Слово «школа» происходит от греческого «схолэ», означающего «досуг». Скажем, диалоги Сократа то и дело начинаются фразами вроде: «Если у тебя сейчас есть досуг, давай обсудим...» И состоятельные — а потому досужие — греки с удовольствием развлекались тонкими рассуждениями бедного мудреца...

В русском языке слово «схолэ» обрело в начале звук «ш» вместо «с». Ведь к нам оно пришло через немецкий и польский языки, а те изобилуют шипящими. Пришло вместе с самой технологией принудительного обучения, которая сложилась к тому времени в неоспоримый канон.

У него есть свои достоинства. Постоянное обучение по разумно спланированной программе даёт не просто полезные знания и умения. Куда важнее единое, цельное представление об основных принципах устройства природы и общества.

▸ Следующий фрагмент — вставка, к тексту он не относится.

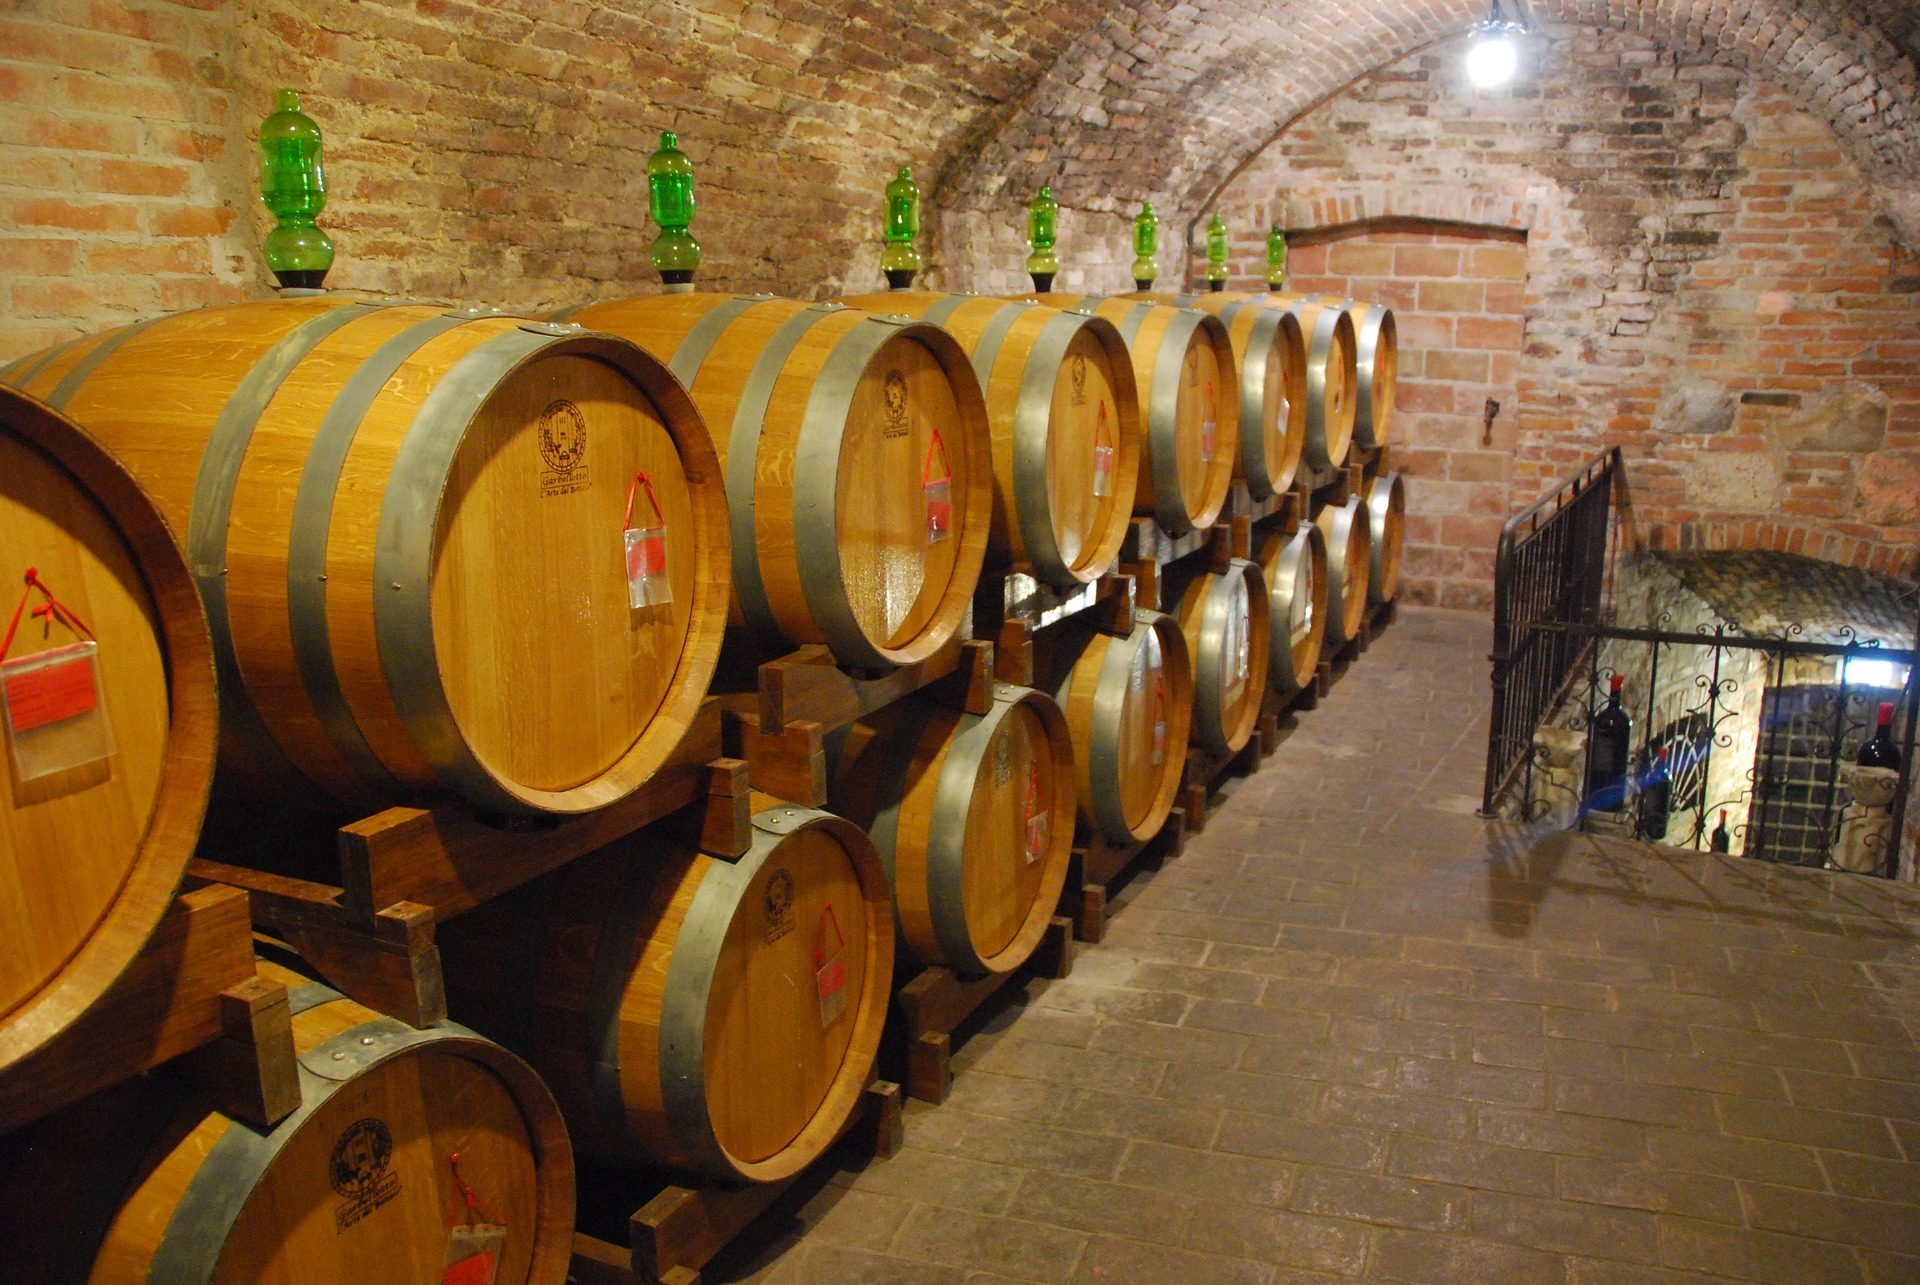 barriles, برميل, النبيذ, الخمرة, تخمير, توسكان - خلفيات عالية الدقة - أستاذ falken.com

Когда стройная картина мира установлена, неизбежные пробелы в конкретных вопросах можно восполнять и без специальной учёбы. Не зря Клод Гельвеций, один из авторов первой — французской — Энциклопедии, сказал: «Знание некоторых принципов легко возмещает незнание некоторых фактов».

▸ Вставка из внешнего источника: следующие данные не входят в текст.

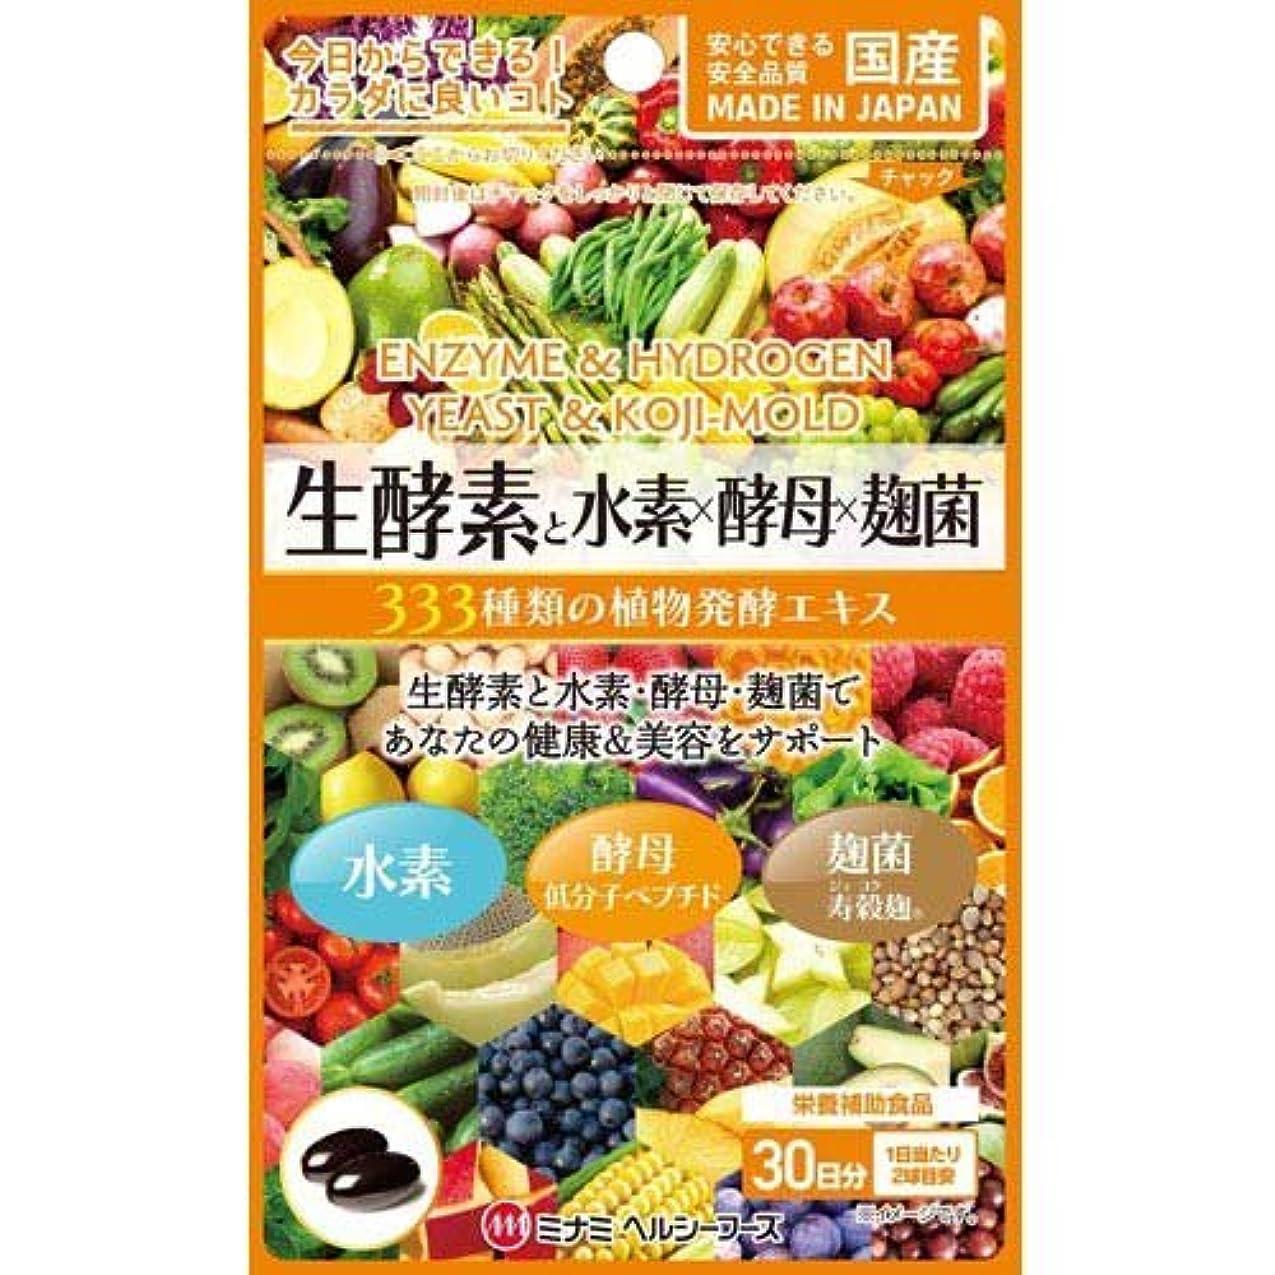 神経思いやりのあるチャットミナミヘルシーフーズ 生酵素と水素×酵母×麹菌 60球

Но до тех пор, пока учащийся не постиг картину мира, фрагменты её, передаваемые разными уроками, выглядят не кусочками гармоничной изящной мозаики, а клочками несметного числа абстрактных картинок.

Более того, даже сами преподаватели ныне, как правило, далеки от сократовского всеобъемлющего кругозора. Это не вина их, а беда: за прошедшие с тех пор два с половиной тысячелетия человечество накопило куда больше познаний, чем может вместить в свою память — даже с учётом совета Гельвеция — средний учитель. Но ученикам от этого не легче. Им теперь просто неоткуда черпать именно то представление о цельности мира, ради которого и создавалась когда-то регулярная школа.

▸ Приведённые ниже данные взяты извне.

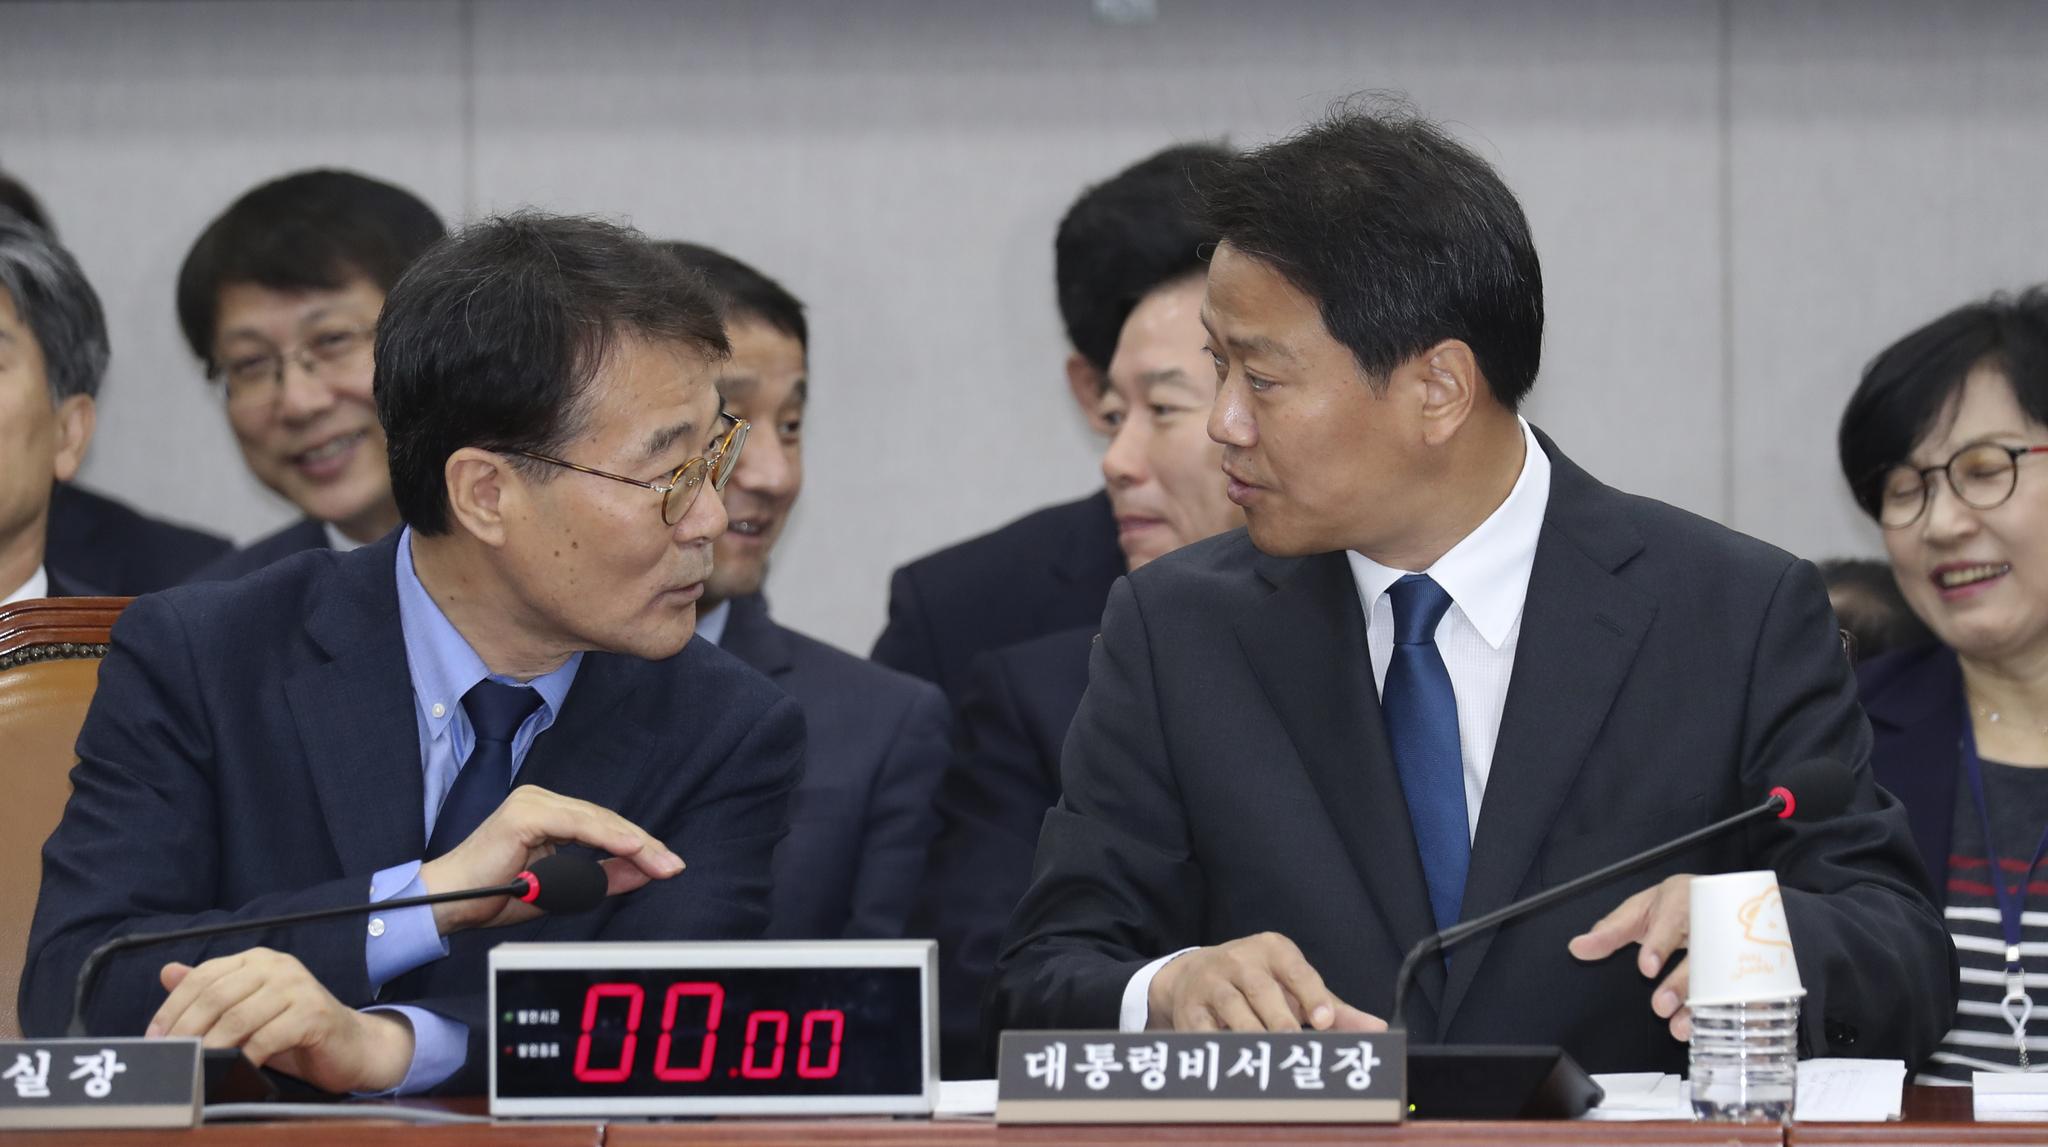 임종석 청와대 비서실장(오른쪽)과 장하성 정책실장이 6일 국회에서 열린 국회 운영위원회의 청와대에 대한 국정감사에서 대화하고 있다. 임현동 기자

Естественно, школьник, не видящий конечной цели своих мытарств, заботится не столько об успешном продвижении по пути, намеченному авторами учебной программы, сколько о сокращении этого пути.

Причём эта близорукая тактика находит множество взрослых сторонников. Гармония картины не очевидна дилетантам — значит, неизбежны споры, как в памятной басне Сергея Михалкова о слоне-живописце: чего-то на полотне не хватает, а что-то не худо бы и поубавить. Что-то по жизни пригодится, а что-то совершенно не нужно...

В математическое искусство, увы, вмешивается и экономика. Картина в умах школьников рисуется не простыми красками. Многотысячные ежегодные выпуски преподавателей, специализирующихся на каждом конкретном предмете, — это ещё и несметные расходы на их зарплату, да и на зарплату их вузовских наставников. Многомиллионные тиражи учебников — тоже более чем удобный повод для доступа к денежным потокам.

Понятно, каждый ценитель конкретного предмета будет рьяно отстаивать необходимость самого скорого и полного доведения его до учеников. А поскольку ни учебное время, ни бюджет сферы образования в обозримом будущем не разрастутся до бесконечности, защита каждого предмета требует нападения на все остальные. Предметники неистощимо изобретательны в поисках недостатков у конкурирующих учебных дисциплин. И все найденные недостатки постепенно складываются в общее представление о необязательности любой дисциплины — да и школы вообще.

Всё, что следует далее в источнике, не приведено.